During my study for my VCAP-DCD, I came to an interesting point that I’d like to share with you. During reading vSphere Design Sybex V2 by Scott Lowe and Forbies Guthrie, they came though ESXi boot disk partitions and how the boot image is loaded into memory during boot.
Long story short, ESXi base image essentially is a compressed file. When booting ESXi image, that compressed file is uncompressed into the memory producing two types of files: VMkernel Executives and Archive Files. VMkernel Executives are .gz files that aren’t shown in the list of file system files and they form the main files system. Archive files, aka. VIBs or VMware Installation Bundles (Anyone experienced with Auto Deploy knows them), contain all configurations and drivers needed for ESXi system to operate. So, what is the difference? What is the point of this post? Here it comes..

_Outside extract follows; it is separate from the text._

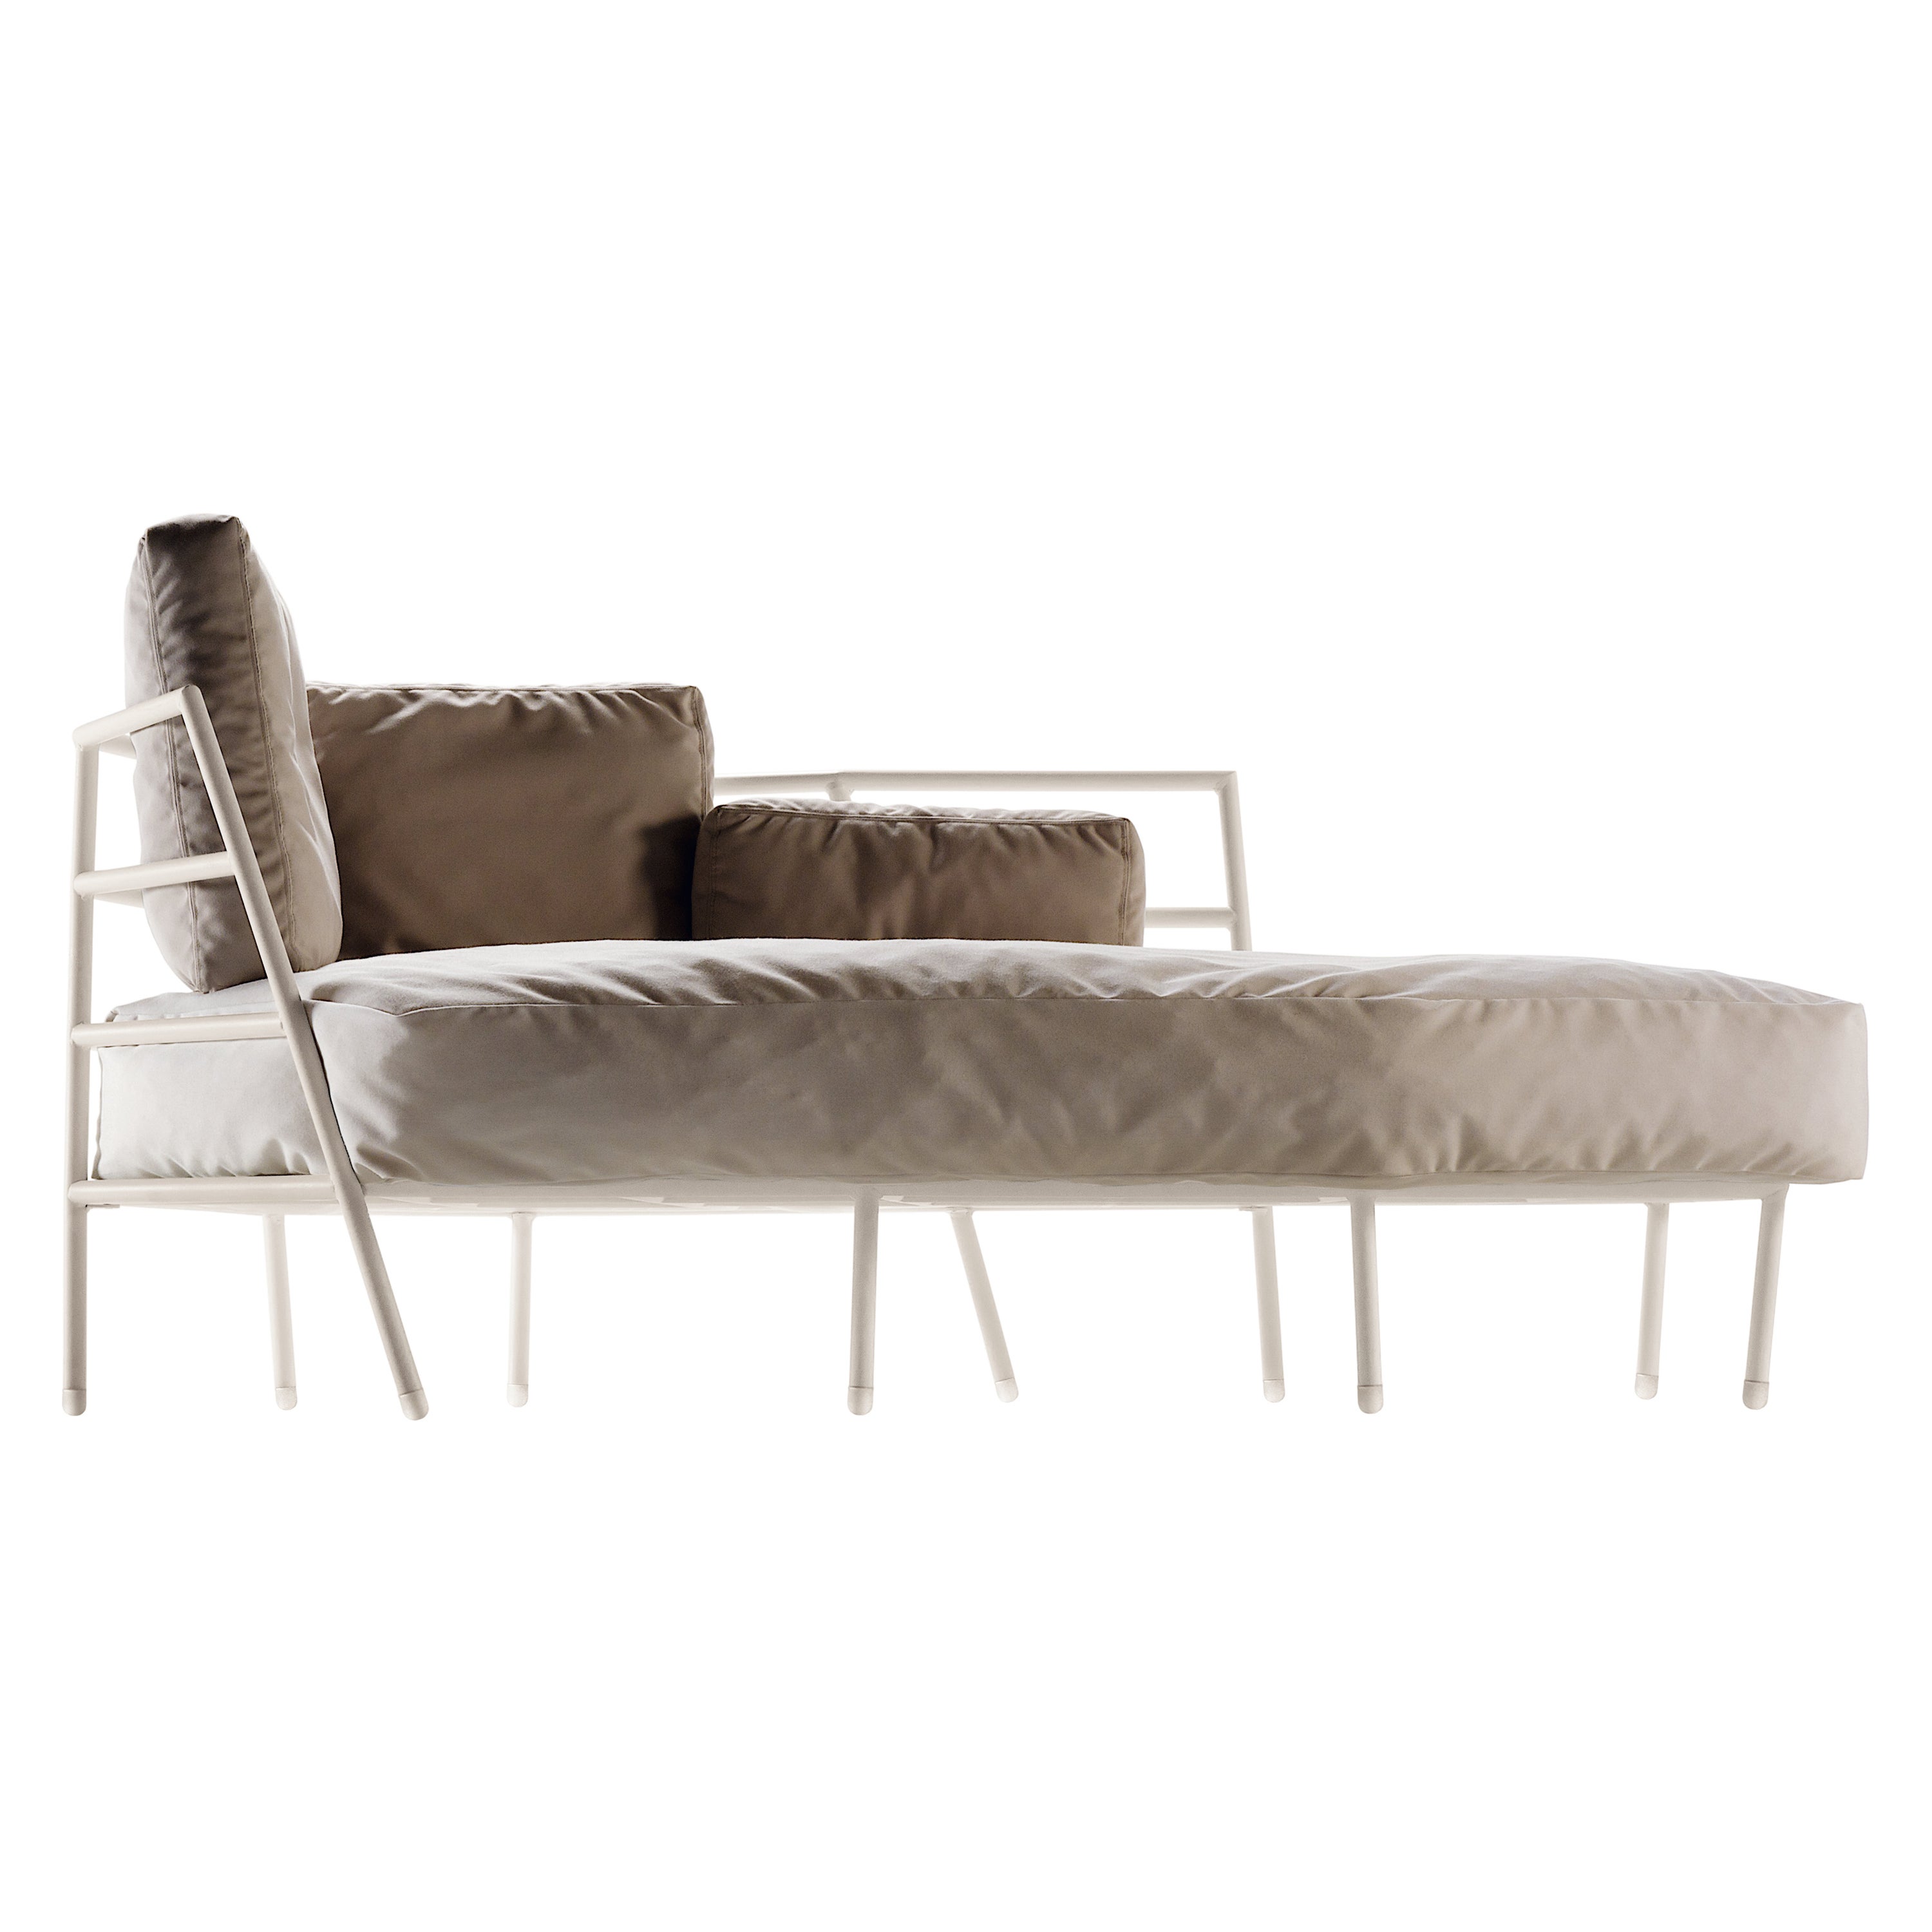 Alias 373_O Dehors Dormeuse Chair with Upholstery and White Lacquered Frame

VIBs are always compressed files, mainly TGZ, V0n files, called Tardisks. They’re not uncompressed inside the memory and used, but they’re mounted as mount points in the file system as well as any other physical partition of boot disk. This makes these tardisks always read-only that read from the memory. Another thing, tardisks can’t be changed. Each new bundle/tardisk overlays the old one and the file system sees only the last one available. When the last bundle/tardisk is removed, the previous layer appears and is used by the file system. What if a modification is required for certain file on any tardisk?? ESXi VMkernel uses a “Branching Technique”.
When a modification is required, a read/write copy of the tardisk is created on a Ramdisk. Ramdisk is a container inside the memory (RAM) for that working read/write copy. Using branching technique, ESXi VMkernel uses the read/write copy instead of the original read-only one and any modification is done to this read/write copy. Unfortunately, this modifications will not persist any boot as it’s written to RAM. To come over this, a TGZ file named state.tgz is created by internal backup process to contain all of these modified files as well as all last-laid bundles (Confirmation needed for last-laid bundles part). This state.tgz file is called ESXi State Archive.
So what about that internal backup process?!
This backup process was a point of small discussion between me and Mr. Wiliam Lam (@lamw). We managed to discover that blog post of Kyle Gleed that stated that this internal backup process has four scenarios to run and backup the state.tgz file to the boot disk. It’s saved in /bootbank partition on the boot disk.
You can also run this backup process manually by using the command: autobackup.sh as stated by Mr. Lam in his blog post.
I wish I was clear and straight forward in this tricky point.
Lastly, I recommend reading vSphere Design Sybex V2.
— vSphere Design Sybex 2nd Edition by Scott Lowe, Kendrick Coleman and Forbes Guthrie.